Thought I would continue to document headgasket job
The timing markings on flywheel were not visible because of surface rust. My solution was to take a piece of red scotch brite pad and wrap it over a 3/4" socket extension, it fit perfectly through the "window". I rotated the engine by hand from the crank pulley and pushed in on the extension/pad to clean off the rust and reveal the markings. From there, adjusting the valve lash was straight forward. I put it all together and let it sit like that for a couple of weeks till last night. With the fuel lines cracked open at the fuel distributor, it primed and started quickly. I left if idle for 10 min or so then bumped it up to 2000 rpm and let it run till it warmed up. It started to just barely creep past the second dot so I shut it down because it was after 10pm and I wasn't sure if I had a air in the coolant. I popped the radiator cap off an realized the system never pressurized fully but it was warm and had not gone down. I fired it up again and ran it for a few minutes again, this time from shutting it down the temp was half way between the second dot and the red. I let it idle till the temp came back down and shut if off. It was too late to mess with it for long and my garage is heated so leaving the doors open too long is not ideal.
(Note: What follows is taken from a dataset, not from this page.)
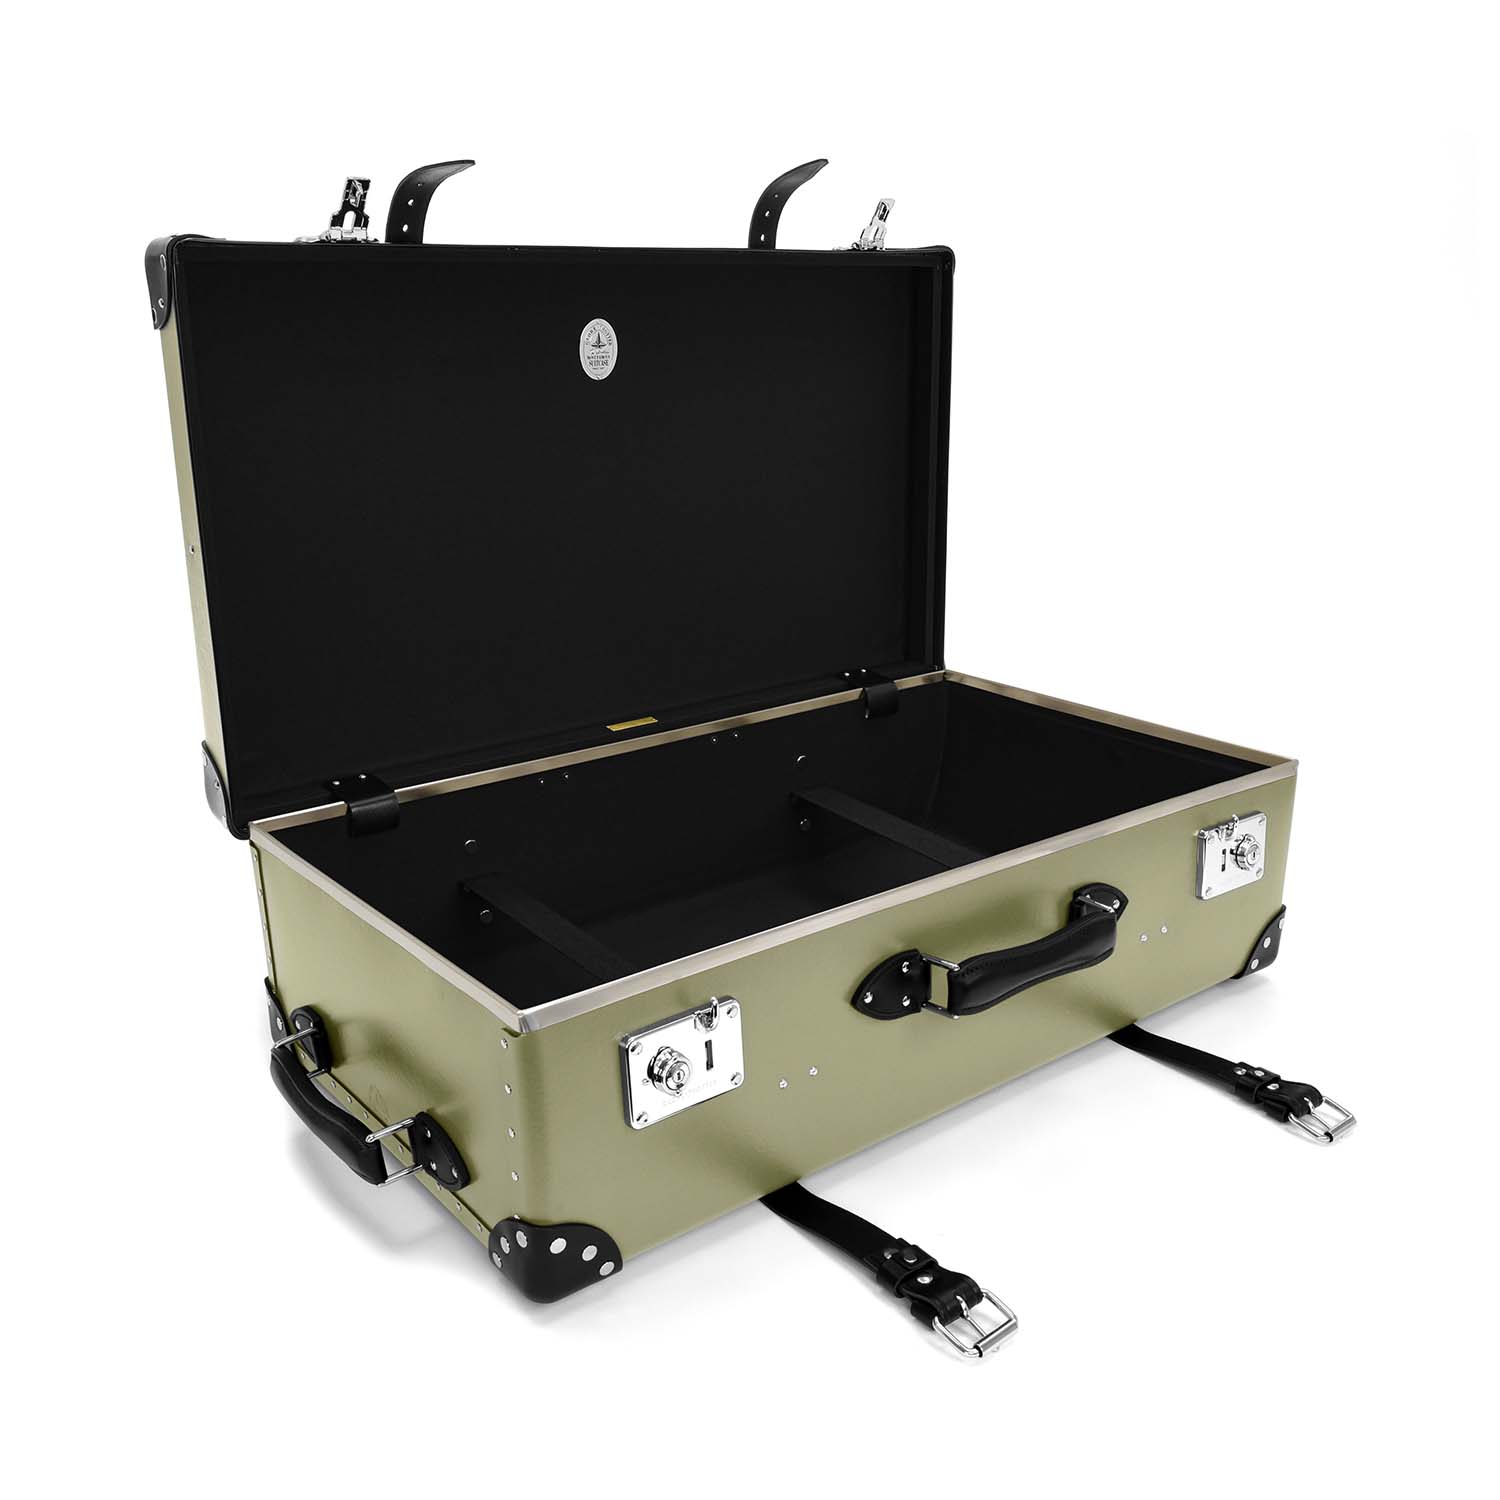 Centenary · Large Suitcase - 2 Wheels | Olive/Black/Chrome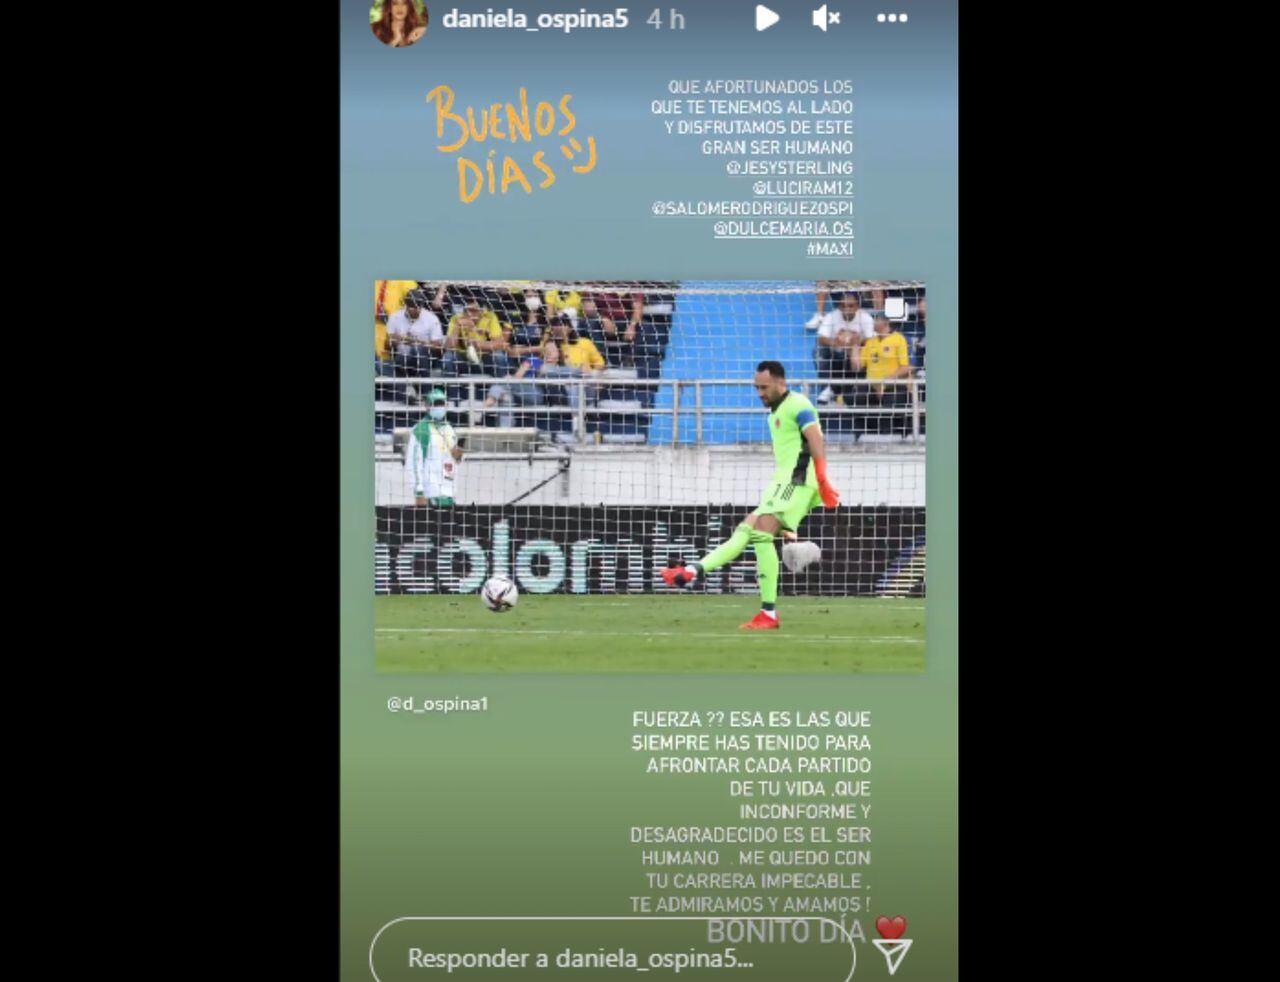 Historia en Instagram de Daniela Ospina sobre David Ospina

With the cost of electric these days, you need to be mindful about stuff like that.
With the loader and the loader mount off, I discovered there is a leak that will be way easier to address now, so that's next on my list. I just need to clean all the caked up dirt and oil off everything so I can see where its coming from.
2 of the hydraulic couplers for the loader seem to leak when disconnected. if there an easy trick to fix this or should I just not worry about it since they don't leak when terminated?